Afterwards, though, he did spectacularly well with lots of flocks and crops. His success ignited the envy of the Philistines, and out of spite, the Philistines filled up all of his father’s old wells with dirt. It’s as if the enemy was filling in the very “footprints” of Abraham where he possessed the Promised Land by faith. And Isaac, in the face of opposition, had a choice not unlike you and I do.

Here’s the deal. Nothing brings us full-circle like becoming mothers. Suddenly we are walking in the footprints of our parents. If they were great parents, we find big shoes to fill. If they were not so great, we desperately try not to fall into the pits, instead of wells, they sometimes dug. Regardless, we are back in old territory where we must choose to make a new life and look for life-sustaining water.

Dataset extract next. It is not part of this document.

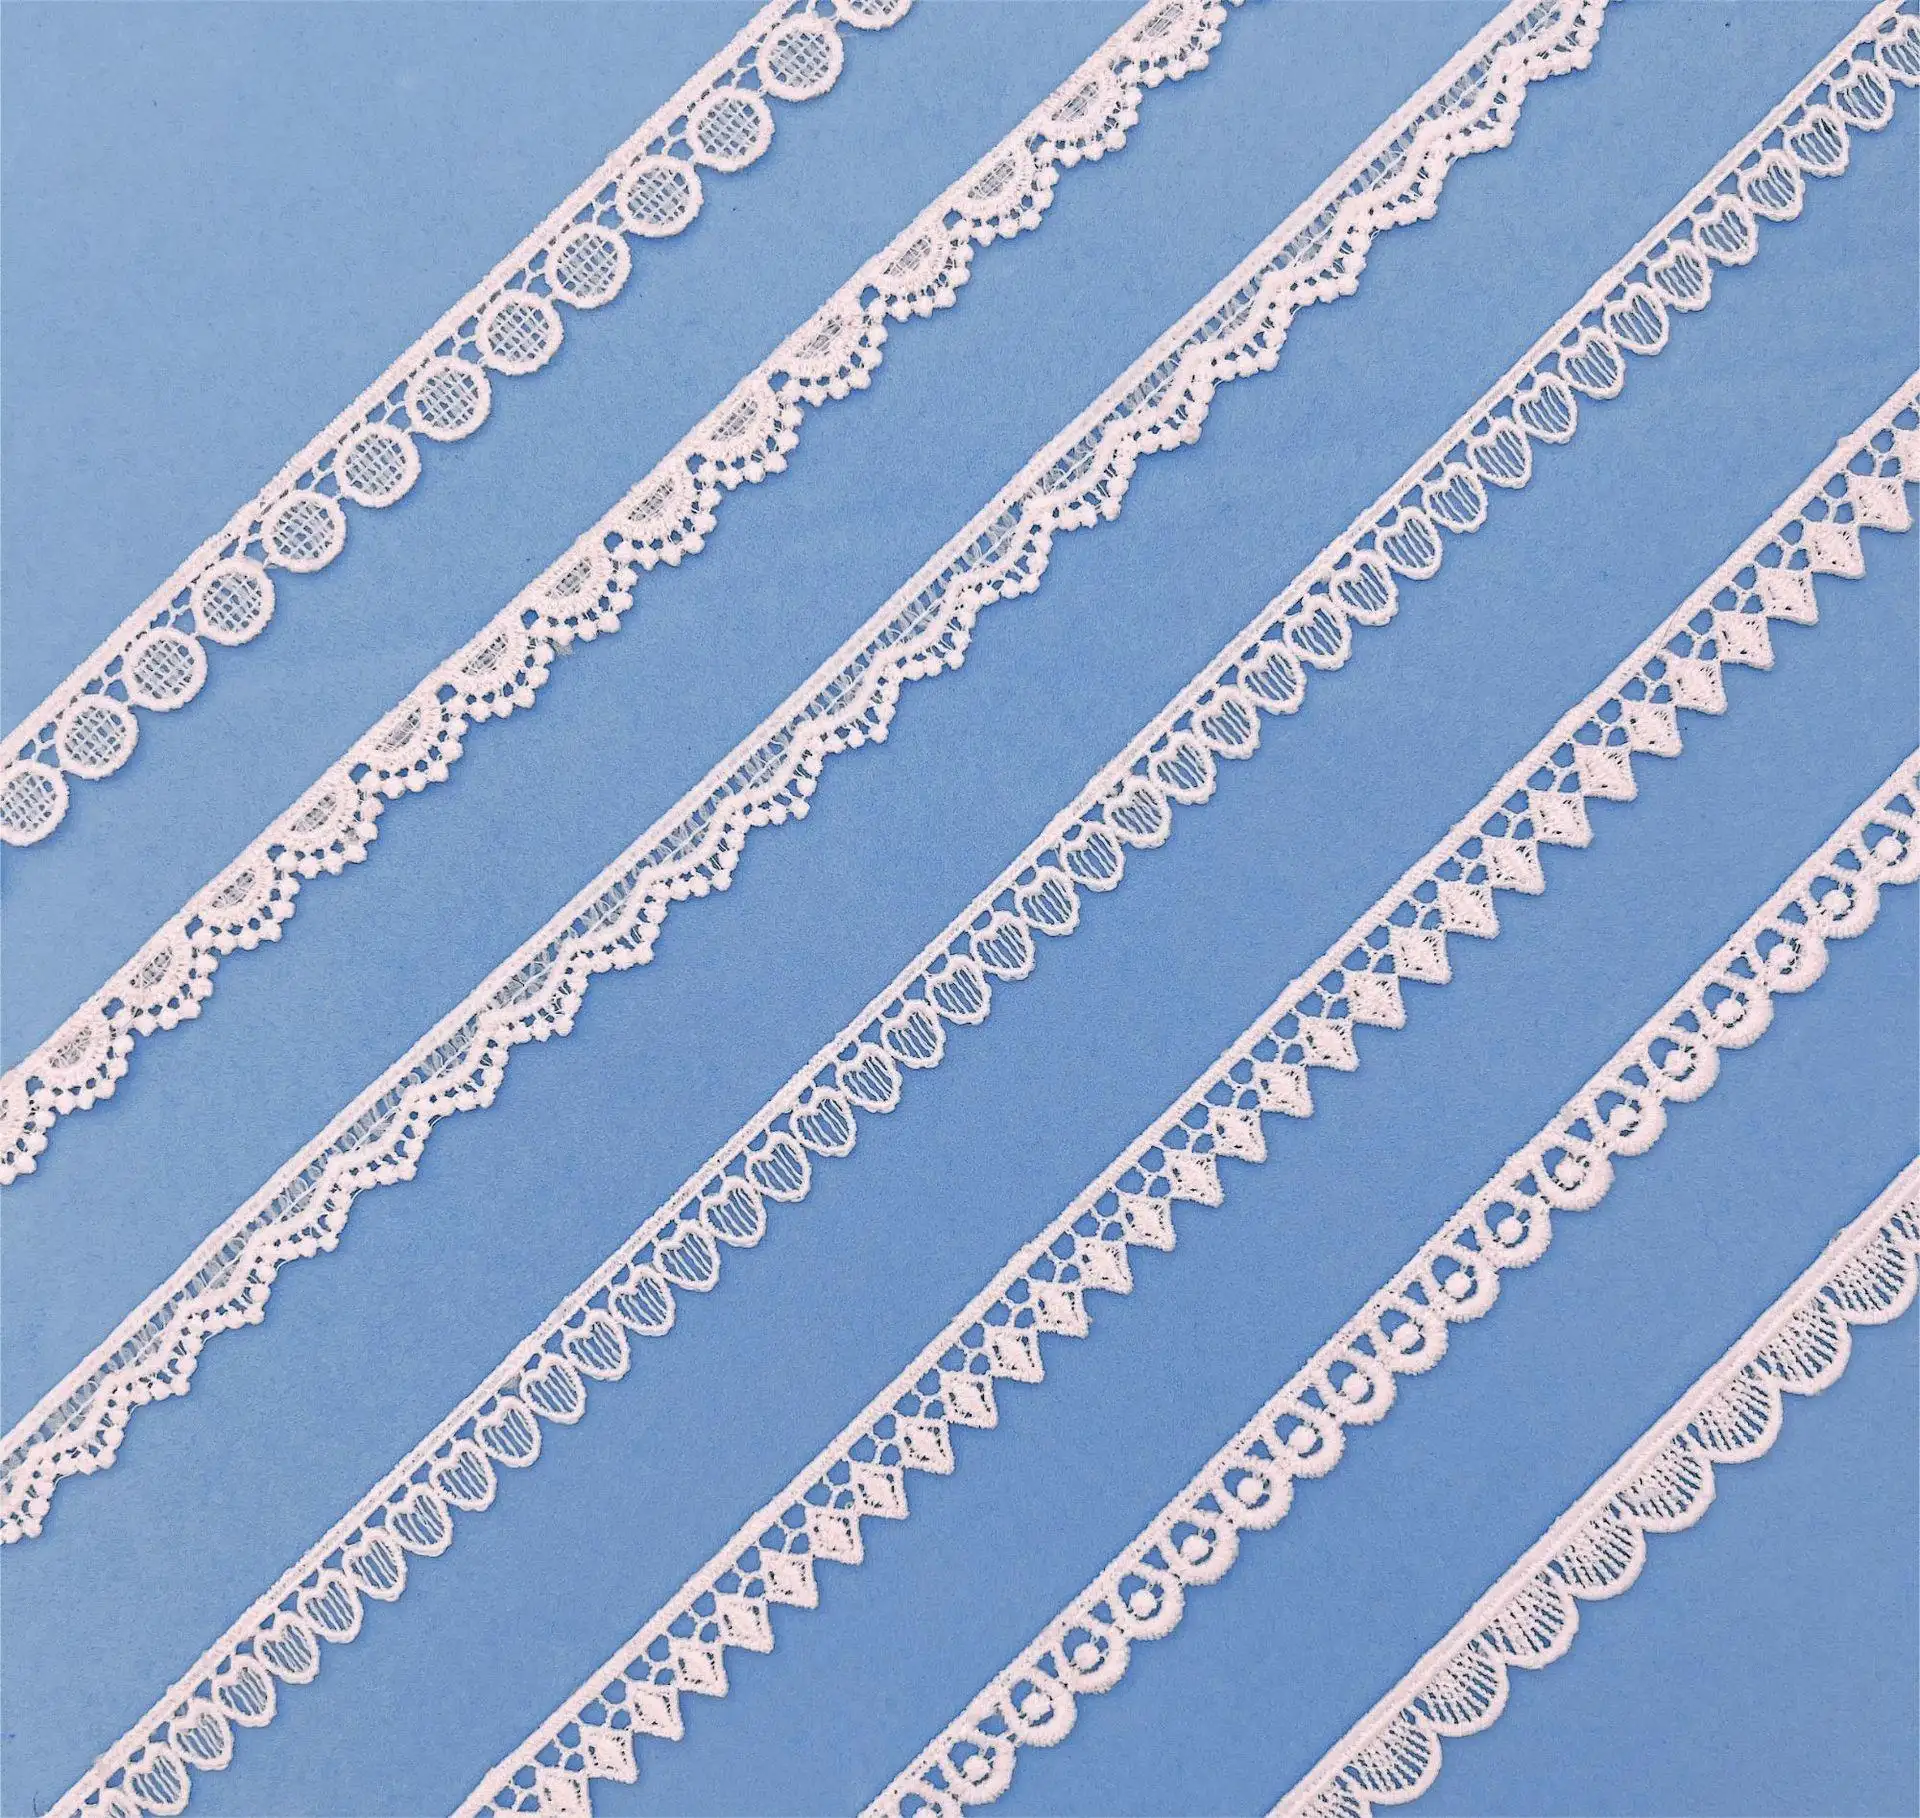 Embroidery lace trim Border water soluble milk fiber lace trim for Lingerie guipure Decorative lace trim for garment

In fact, I’ve found it’s impossible to really start anything new without first dealing with what’s already there. For Isaac, it was the wells his father dug and that were now systematically being plugged up by the Philistines. The king even told him he’d be better off not confronting the problem: “Move away from us; you have become too powerful for us.” (26:16) And so Isaac moved to another section in the same country, perhaps hoping to keep the peace, and just as before, “Isaac reopened the wells that had been dug in the time of his father Abraham.” Gen 26:18a

But there comes a time when keeping the peace isn’t enough and running away isn’t an option. Even in the new area, Isaac again came into constant contention over his inheritance. And it WAS his inheritance. God had not only promised this land to Abraham but also to Isaac (Gen 26:2-6); however, Isaac had to choose to keep acting on that belief.

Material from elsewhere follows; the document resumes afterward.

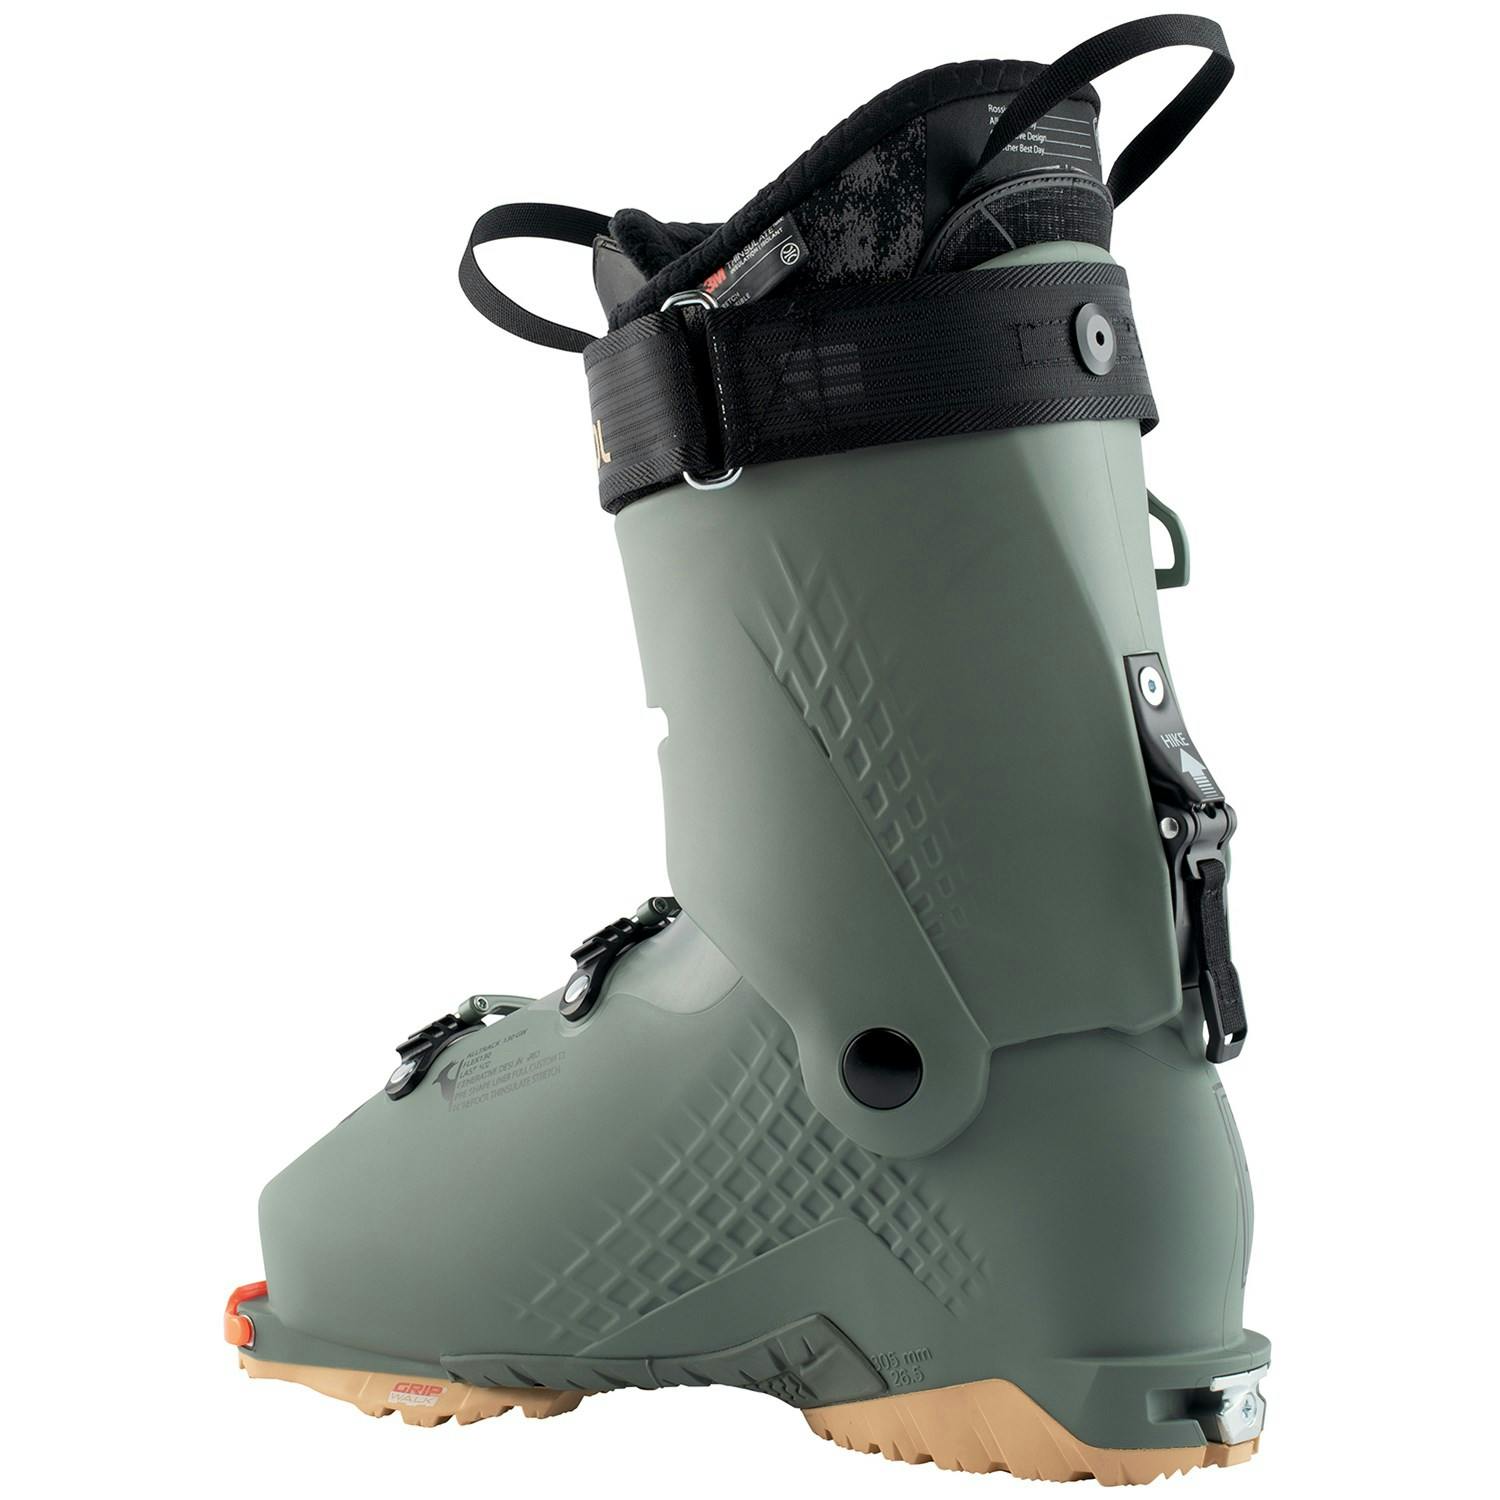 Rossignol Alltrack 130 GW Ski Boots · 2023

Sometimes we, too, have to go back to survey and reclaim old territory and even though it already is our promised inheritance. That dream from our youth. That first glimpse of God’s plan for our lives. That legacy of faith, no matter how large or small, that our parents left us. There is a need for perseverance in the midst of contention while this is happening, the kind of perseverance that says, “I will hold fast to what God began in me and my family.”DSC02258

Sometimes we also have to deal with dirt in our wells, whether it’s a sense of failure, a past of neglect or abuse, or just the daily grind causing resentment because we thought things would be different. We cannot run away but instead must let those things come into His light for healing and release.

And sometimes, after we’ve dealt with the past and moved past the dirt, we find something new.  We move on to dig completely new wells. More on that in the next post.

Lord, You are the God of my forefathers, but You are also my God and my Savior. You swore to be a friend to Abraham and his descendants forever and that includes me, his spiritual child in the faith. You have shown me that I am Your friend—not just Your servant, but Your friend. Therefore, I have access to the mind of Christ and the plans You have made for me. I praise you, O Holy One, and I trust you during this season of well-digging.